Kalmikoff shook his head doubtfully. "It may prove feasible," he admitted. "In any event we can't help ourselves. Bring the prisoners into the laboratory."

Stark fear flickered in the captives' eyes. All this incomprehensible talk of experiments in which they evidently were to be unwilling subjects roused understandable terror. Were they to be sacrificed on the altar of inhuman scientific curiosity? What hideous tortures were they to undergo?

When they filed into the laboratory and saw the great machine with its innumerable rollers and plucking steel parts, and the mysterious looking steel chamber, their worst fears were realized. Torture box with infernal instruments, styluses that looked like jabbing needles, levers like pincers to tear the flesh... Beck, the Fascist, slid gently to the floor in a dead faint. Deathly pallor went in waves over the faces of the others; only Bob Heywood, the Socialist, looked defiant as he shouted: "You damned beasts. Kill us and be done with it. I won't submit to the experiments."

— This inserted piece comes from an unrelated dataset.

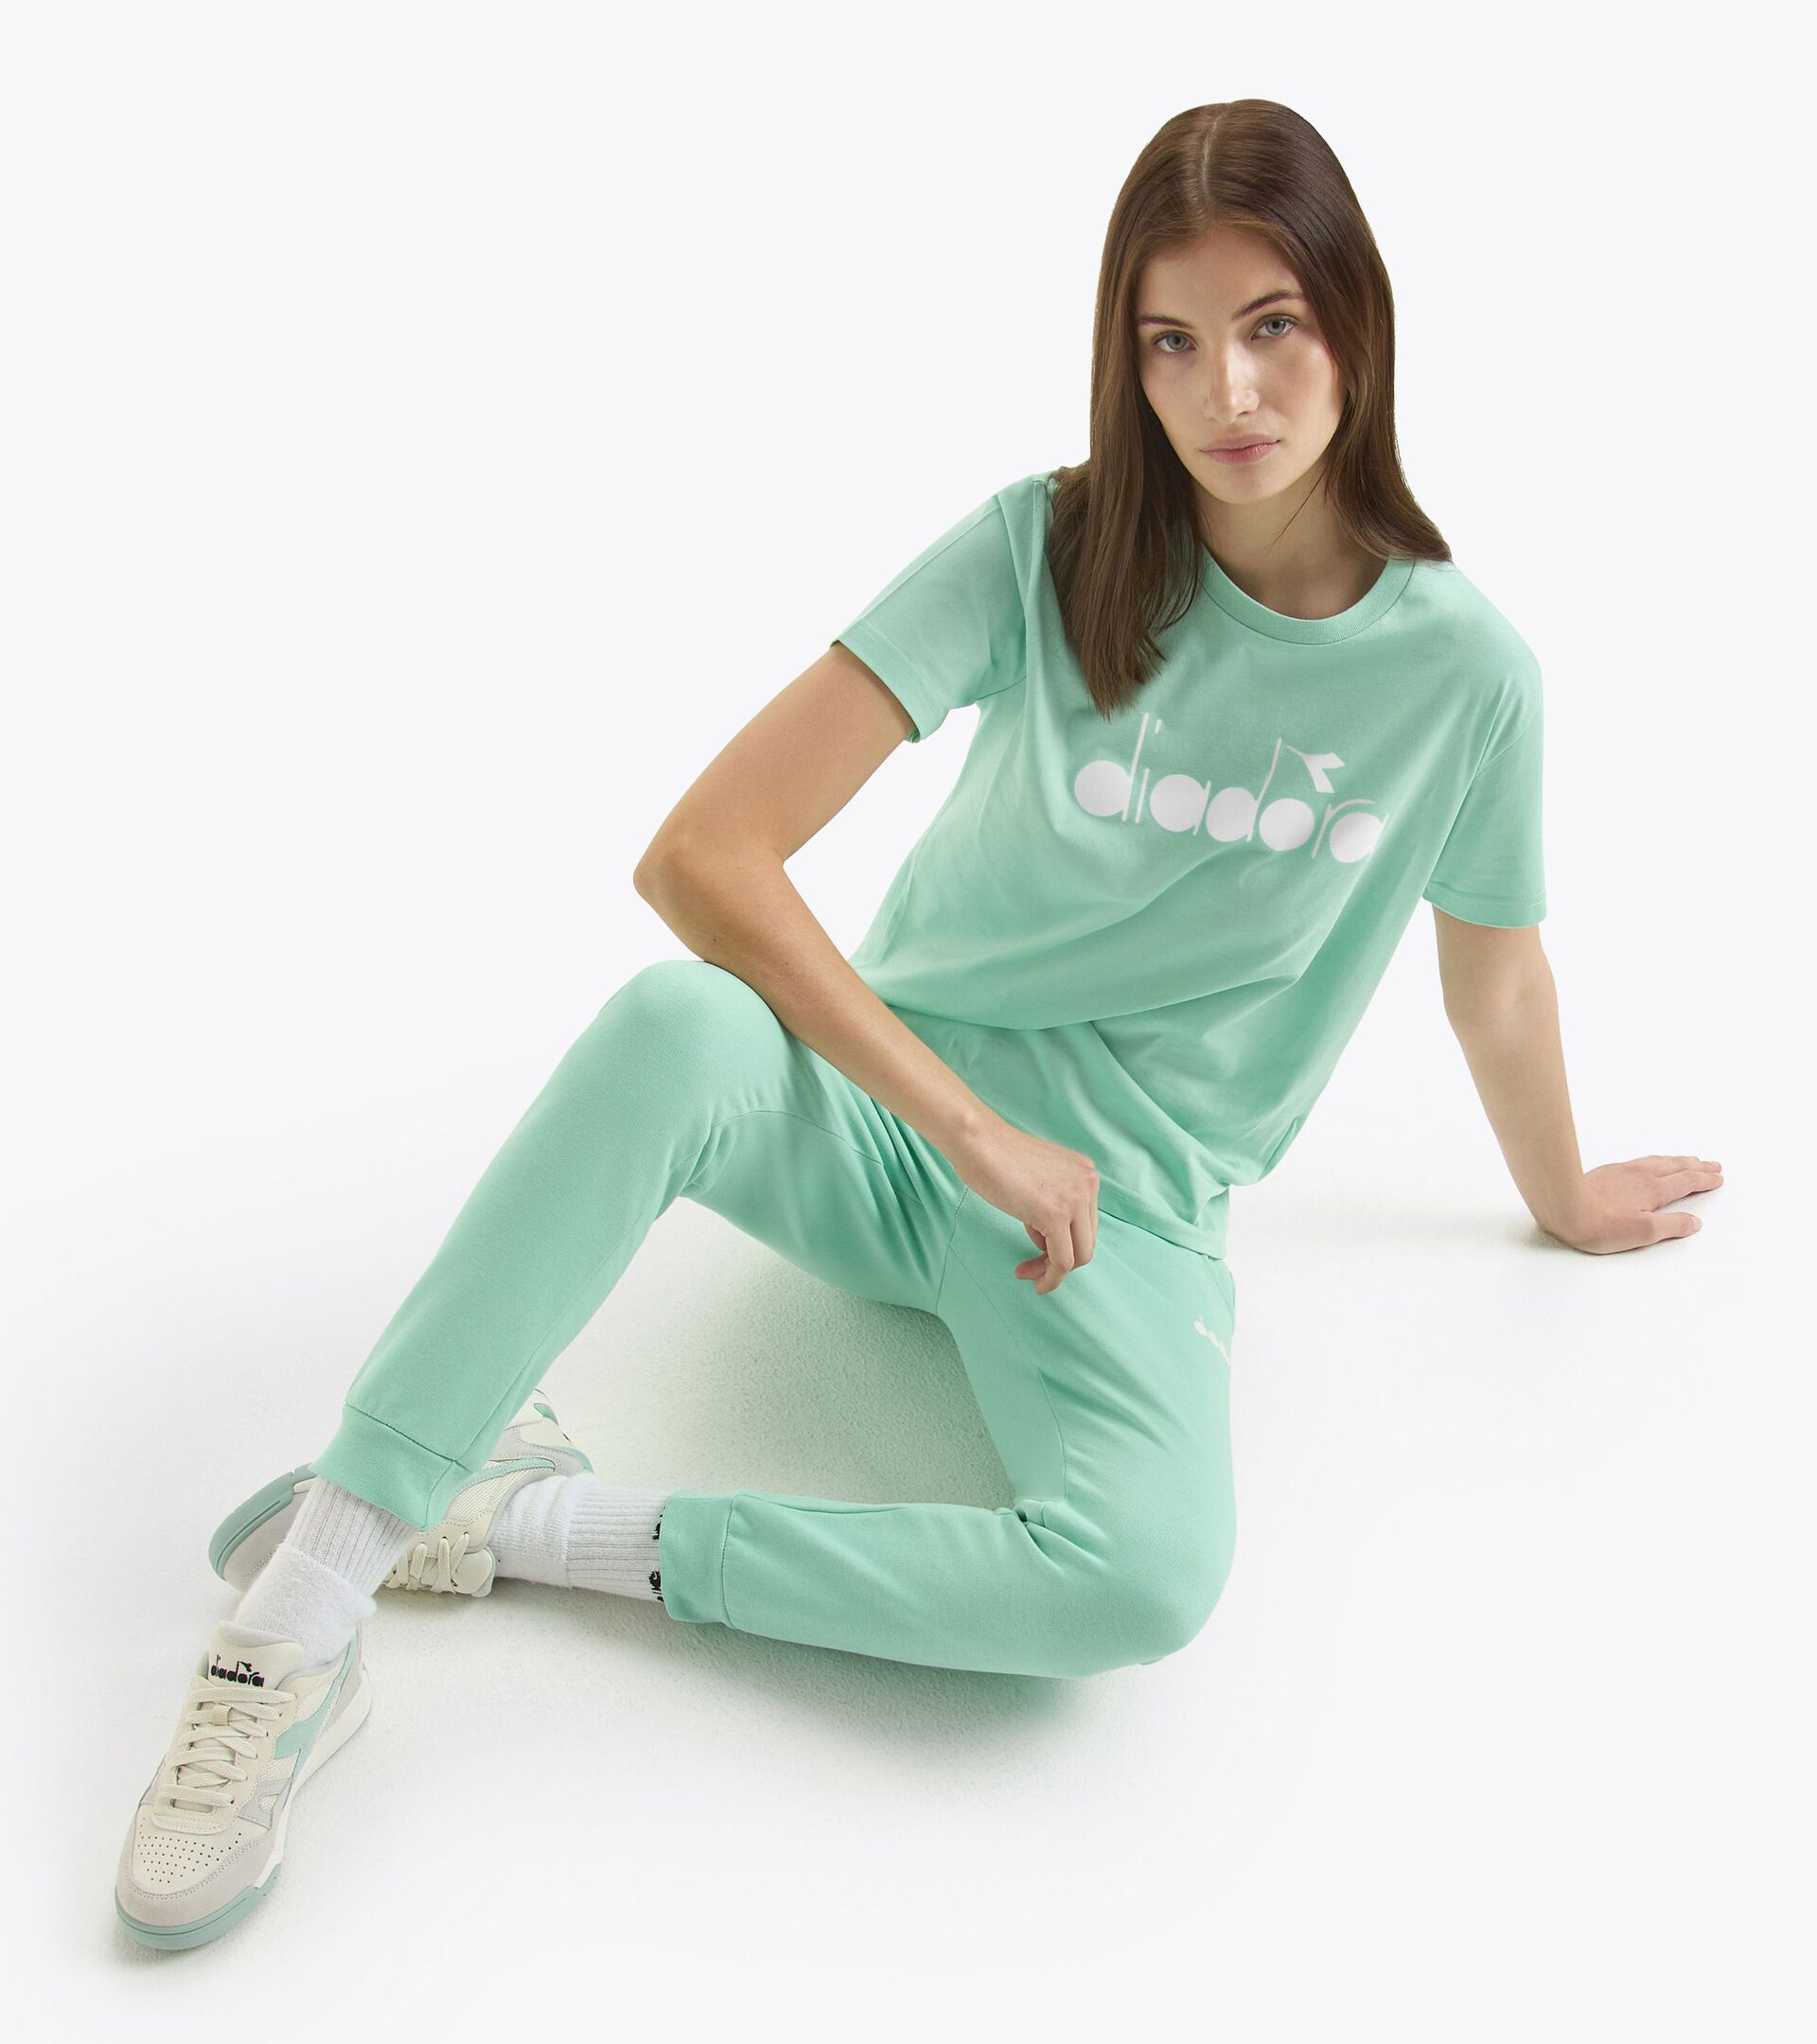 T-shirt - Made in Italy - Gender Neutral T-SHIRT SS LOGO NEON GREEN - Diadora

Kalmikoff stood in front of the mathematical "Brain," resting one hand lovingly on its unfeeling steel.

"The experiment will go on whether you like it or not. But you need have no fear. There will be no physical violence done you. On the contrary, we who are gathered here are working in the interests of the country at large. All you gentlemen, at least in your public utterances, have maintained that the welfare of the country is paramount in your hearts. I am giving you an opportunity to prove it. This strange-looking machine will show you just what lies ahead, what must be expected from existing conditions, plus your leadership. I can also show you, by varying certain factors, how it would change the future. If the demonstration is convincing, I shall rely upon your whole-hearted cooperation in effecting the necessary changes in present-day factors."

Blank looks greeted him. Was the man mad or meditating a deep-laid plan under these lunacies?

But Kalmikoff had already plunged into a detailed explanation of his theories of the social sciences as amenable to definite laws and mathematical treatment, of the building of the "Brain" for solving the final equation of twenty variables. Uneasy fears, utter disbelief, gave way to at least respectful attention as Kalmikoff rose to heights of eloquence.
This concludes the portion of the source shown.